> What the task requires:
Transcribe every record verbatim; no pictures.

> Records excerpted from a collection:
• • • •
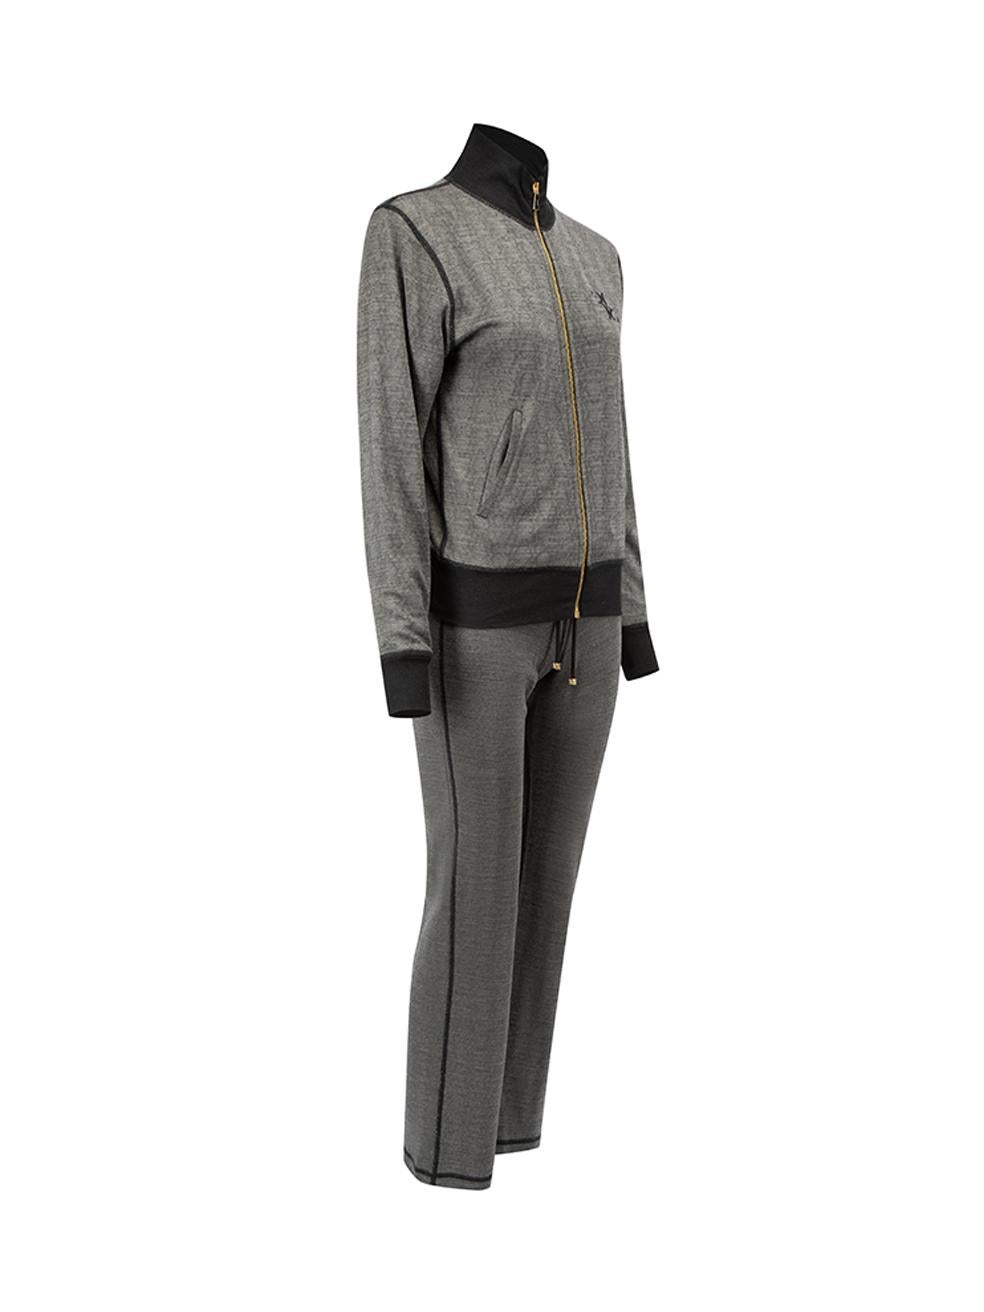 CONDITION is Very good. Minimal wear to set is evident. Minimal wear to outer fabric and pulls to thread can be seen on the zip up jacket on this used Billionaire designer resale item. 
 
 Details
  Grey
 Silk
 Tracksuit set
 Long sleeves track
• • • •
> Solved problem:
 CONDITION is Very good. Minimal wear to set is evident. Minimal wear to outer fabric and pulls to thread can be seen on the zip up jacket on this used Billionaire designer resale item. 
 
 Details
  Grey
 Silk
 Tracksuit set
 Long sleeves track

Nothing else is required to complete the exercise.